Juninho

Personal information
- Full name: Carlos Jamisson Teles dos Santos Júnior
- Date of birth: 29 July 1995 (age 31)
- Place of birth: Aracaju, Brazil
- Height: 1.77 m (5 ft 10 in)
- Position: Left back

Team information
- Current team: Falcon

Youth career
- 2013: Vitória
- 2015: Corinthians
- 2015: Bahia

Senior career*
- Years: Team / Apps / (Gls)
- 2015: Flamengo-SP / 10 / (0)
- 2016: Bahia de Feira / 8 / (0)
- 2016: Confiança / 1 / (0)
- 2017: Freipaulistano / 18 / (1)
- 2018: Itabaiana / 24 / (1)
- 2018–2020: Paraná / 41 / (0)
- 2021–2025: Pyunik / 92 / (5)
- 2026–: Falcon

= Juninho (footballer, born July 1995) =

Brazilian footballer

Carlos Jamisson Teles dos Santos Júnior (born 29 July 1995), known as Juninho, is a Brazilian footballer who plays as a left back for Falcon.

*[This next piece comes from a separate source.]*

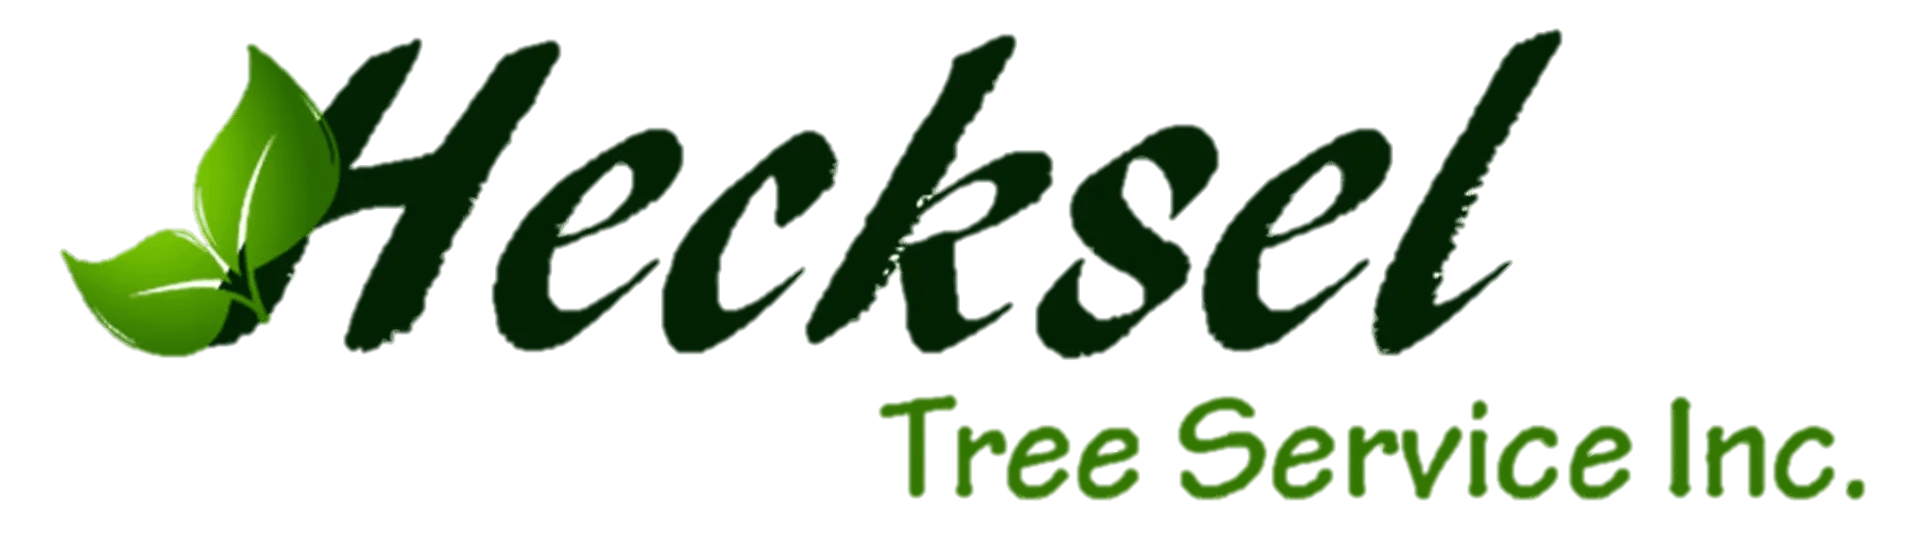 Hecksel Tree Removal

He played mostly in the lower leagues of his country, apart from 11 games in Campeonato Brasileiro Série A for Paraná Clube in 2018. In 2021, he moved to Pyunik, where he won the Armenian Premier League twice.

==Career==
===Early career===
Born in Aracaju in the state of Sergipe, Juninho played in the youth teams of Vitória, Corinthians and Bahia. He made his senior debut in 2015 with Flamengo-SP in the Campeonato Paulista Série A3.

===Paraná===
In December 2017, Juninho returned to his home state, signing for Itabaiana. His team finished as runners-up in the Campeonato Sergipano, as well as competing in the Campeonato Brasileiro Série D and Copa do Nordeste. This led to a trial at Paraná Clube in August 2018, due to an agreement between the two clubs. He made his Campeonato Brasileiro Série A debut on 10 October in a 1–1 home draw with Vasco da Gama, and commented that manager Claudinei Oliveira had brought him in to combine with Mansur on counter-attacks. He finished the season with 11 appearances as Paraná were relegated, contributing assists against Cruzeiro, Botafogo and Palmeiras.

===Pyunik===
After the 2020 season in the Campeonato Brasileiro Série B, Juninho was released by Paraná and remained without a club until June 2021, when the 25-year-old moved abroad for the first time and joined Pyunik of the Armenian Premier League. He won the league in his first season, and on 26 July 2022 he scored his first UEFA Champions League goal in a 4–1 win away to F91 Dudelange of Luxembourg in the second qualifying round. After the team dropped into the UEFA Conference League group stage, he scored again in a 2–0 win at home to Žalgiris on 6 October. His team won the league again in 2023–24.

On 2 August 2025, Pyunik announced that Juninho had left the club.

===Falcon===
On 22 July 2026, Campeonato Sergipano club Falcon announced the signing of Juninho.